Table 1 Age (days after birth) of each subject at the three time points of collection

Stool samples were collected by parents at home and delivered to the repository for frozen storage within 48 h. Recent work has shown that storage at room temperature for up to 72 h has a minimal effect on stool bacterial community structure (Roesch et al., 2009a). The case children became autoimmune at or near the time of the third sampling (Table 1). Autoimmunity in T1D is defined as the appearance of two autoantibodies in the serum as described by The Environmental Determinants of Diabetes in The TEDDY Study Group, (2007). Each case subject was matched with a healthy (that is, non-T1D-associated autoantibody positive, nondiabetic) child of the same genotype and of approximately the same age.

DNA extraction, 16S rRNA amplification and pyrosequencing were performed as described previously (Roesch et al., 2009a). An average of 15 709 sequences were obtained for each of the 24 samples (Table 2). The barcodes used in this study to differentiate the samples are described in Supplementary Table 1. The original sequences and the corresponding quality scores are submitted to GenBank as study accession number SRP002359.1.

Table 2 Characteristics of samples collected from the DIPP study

The sequences were processed and analyzed to determine differences at all taxonomic and community levels using PANGEA (Giongo et al., 2010a). In PANGEA, small sequences are discarded, poor quality ends are trimmed, 16S rRNA sequences are separated by barcode, the closest cultured relative of each sequence is identified using Megablast, data are collated into stables, statistically significant differences in the abundance of taxa are determined and the Shannon diversity index (Shannon and Weaver, 1949) of each community is calculated. Classification was performed using an up-to-date RDP-II database modified using TaxCollector (Giongo et al., 2010b). The Shannon diversity index was chosen as it considers both the presence and abundance of operational taxonomic unit. The significant differences between taxa are determined in a manner that includes a false discovery rate determination and is carried out using a modified χ2-test.

To test whether the microbial communities from controls are more similar to each other than those from cases, UniFrac (Lozupone et al., 2006) pairwise distances in between all pairs of cases and all pairs of controls were determined. Specifically, for each one of the six possible pairs of individuals in the same group, a corresponding phylogenetic tree was generated using MUSCLE (Edgar, 2004). The sum of the UniFrac distances of the trees in the case group was computed, as well as the sum of the six UniFrac differences in the control group. The difference between these sums (D_observed) was used to calculate the difference between cases and controls. A permutation test was calculated to verify whether the difference was statistically significant.

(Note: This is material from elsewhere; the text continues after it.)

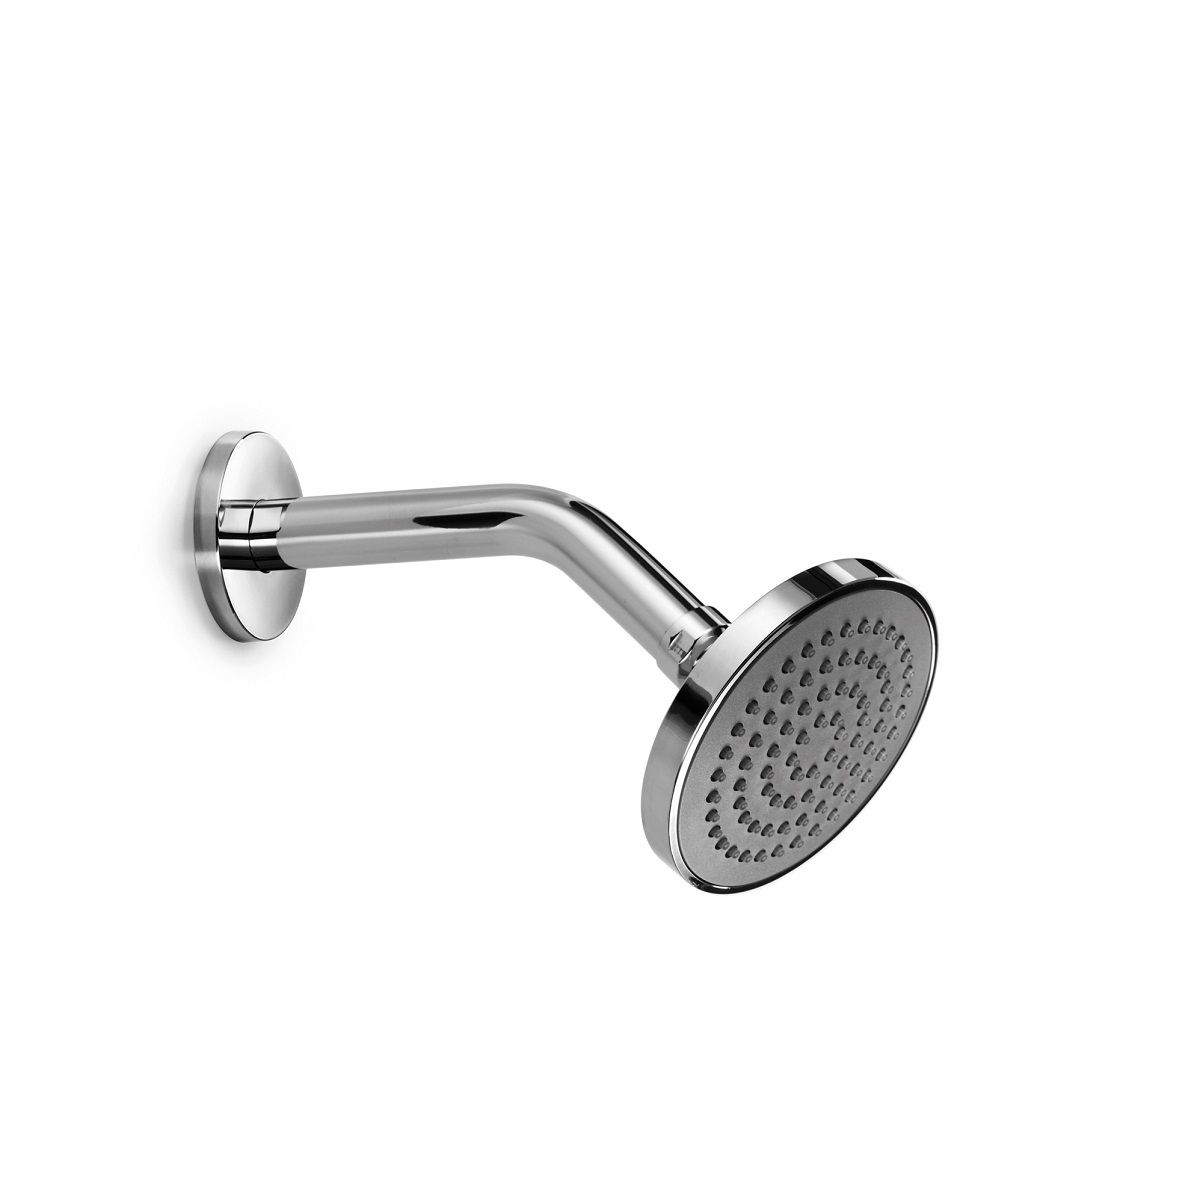 High Quality Shower Heads are Essential - Supioni Shower Head

To assess the significance of the UniFrac distances described above, we ran a permutation test as follows (R code is available from the authors). For each phylogenetic tree, we randomly permute the labels of the individuals (children) and calculate D for the data with permuted labels. This is repeated 1000 times to obtain a sample of differences (D_permuted), and to create a histogram that estimates this distribution. As the labels are permuted, the populations are now equivalent, and the average value of D should be closer to zero.

If the observed distance, D_observed, is in the tail of the sample of D_permuted, pairwise distances in the case group are significantly greater than those of the control. In other words, the microbial communities in healthy children are more similar to each other.

To test whether the microbial communities from controls are more similar to each other than those of cases during the time course, samples from the same time point were grouped before the clustering using cluster database at high identity with tolerance (Li and Godzik, 2006) and then submitted to principal coordinate analysis using weighted UniFrac (Lozupone et al., 2006).


Stool samples were obtained from eight children in the DIPP in Finland. These children represented four matched case–control pairs in which the samples of each autoimmune child were paired with samples from a nonautoimmune child of approximately the same age and HLA genotype (Table 1). Samples from each individual were taken at three time points (Table 1). The first sample was taken between 4 and 8 months of age before any child was found to have autoantibodies. In two of the four case subjects, the first autoantibody appeared about 6 months before the second collection point. In all four case subjects, the second autoantibody was detected within several months of the third collection point. Ultimately, all four cases were diagnosed with T1D.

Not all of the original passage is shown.